The Western Australian Government currently has a form of gas reservation which requires the diversion of a percentage of North West shelf gas to Perth.  This represents a major impost on the projects and facilitates the negotiation of a cheaper price for gas used within Western Australia.  It carries many of the downsides that the Queensland Government's proposal would entail.

However, the Queensland proposal carries the potential to be considerably more harmful.  This is because the Queensland local market supply is for almost any project under contemplation much more lucrative and less risky than an export venture.  For the North West Shelf gas exports are more valuable than local supply since the latter needs to be transported 1,700 kilometres to Perth.  Moreover, the smaller scale nature of developments involving CSG mean there is far less risk entailed in individual developments for the local market, a supposition that is born out by the development of the Queensland CSG industry with minimal regulatory assistance

Queensland presently has about 12 per cent of its electricity generated by gas (over half of which is CSG).  That is a considerably higher share than the other eastern states which are similarly well endowed with low cost coal – Victoria has about 5 per cent and NSW less than 2 per cent gas.  Queensland is closer to being fully satiated by gas in view of the competitiveness of the State's coal.

The outcome of a Queensland Government de facto subsidy to domestic use of gas is that any benefit would flow to other states.  In effect this means the state is penalising the development of its own industry while subsidising consumers in other states.

A risk is introduced as well as additional costs on export-oriented industries.  Introducing such risks and costs is seldom beneficial but this is especially the case with CSG deposits in Queensland given the extensive nature of the reserves and a ready local market that can be supplied at relatively low capital cost.

Quantifying the effects of all these matters is very difficult.  However the Queensland Government's consultants (MMA/KPMG Econtech) have estimated that a 15 per cent reservation policy would bring a net cost in GDP terms of $67 million in 2005/6 dollars.  For Queensland, the loss is put at $53 million.



ENDNOTES

1.  Special thanks to Max Kimber for assisting in preparing this submission.
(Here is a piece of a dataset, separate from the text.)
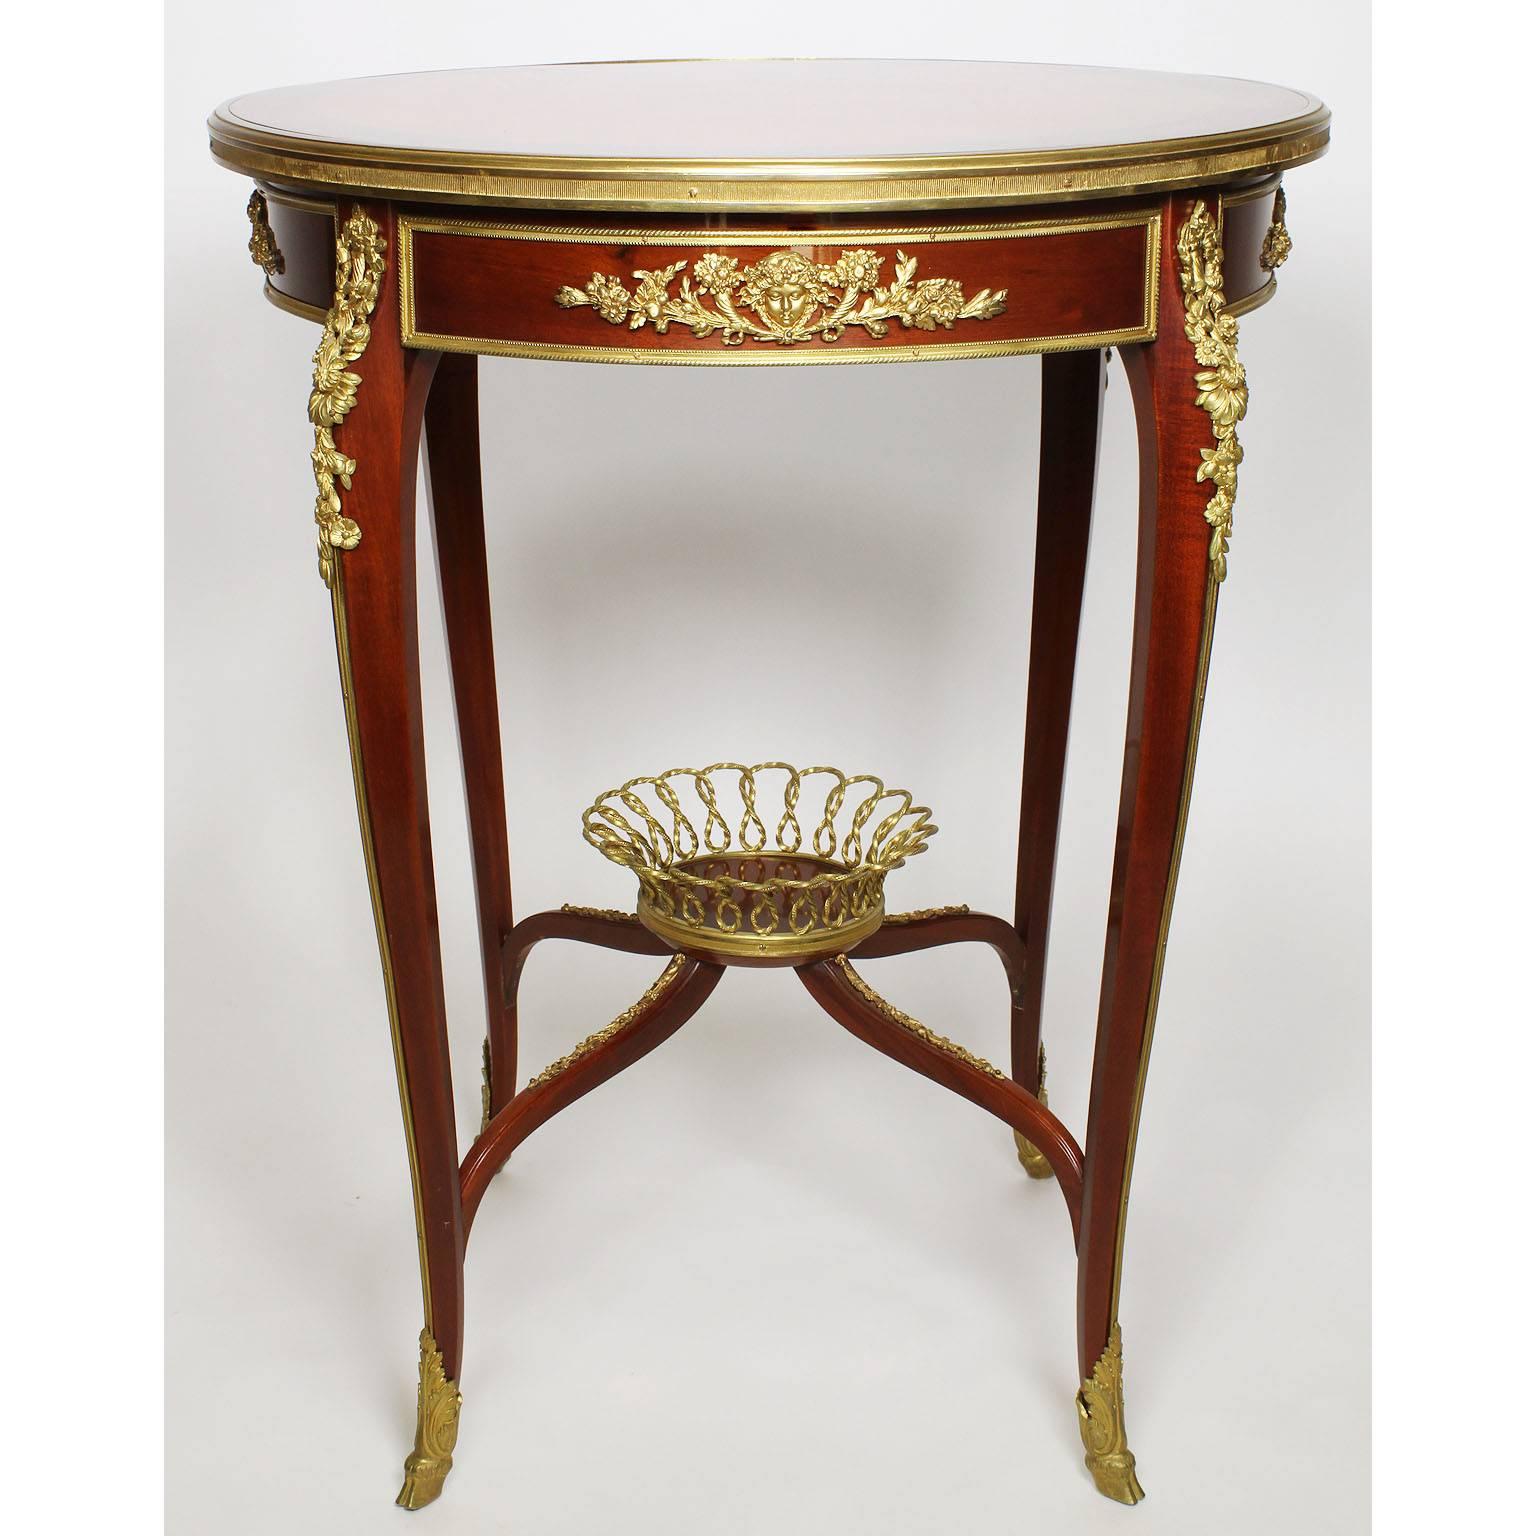 Table d'appoint de style Louis XV en acajou et marqueterie de bois de tulipier, montée sur bronze doré. Le plateau circulaire est incrusté d'une marqueterie de motifs floraux et d'une parqueterie symétrique. Le tablier est centré de montures en

2.  See http://www.dme.qld.gov.au/media_centre.cfm?item=793.0

3.  ABARE Energy in Australia 2009

4.  http://richardjwood.blogspot.com/2004/12/more-than-davy-lamps-and-canaries-coal.html

5.  http://www.bp.com/liveassets/bp_internet/globalbp/globalbp_uk_english/reports_and_publications/statistical_energy_review_2008/STAGING/local_assets/2009_downloads/statistical_review_of_world_energy_full_report_2009.pdf

6.  http://www.dip.qld.gov.au/resources/project/liquefied-natural-gas/final-mma-1-may-09.pdf

7.  Lower prices are presently being received.  The AFR of 30 July 2009 quoted:  "Woodside received $6.37 a gigajoule for the North West Shelf LNG it sold in the first quarter, down from $10.01 a gigajoule in the first quarter."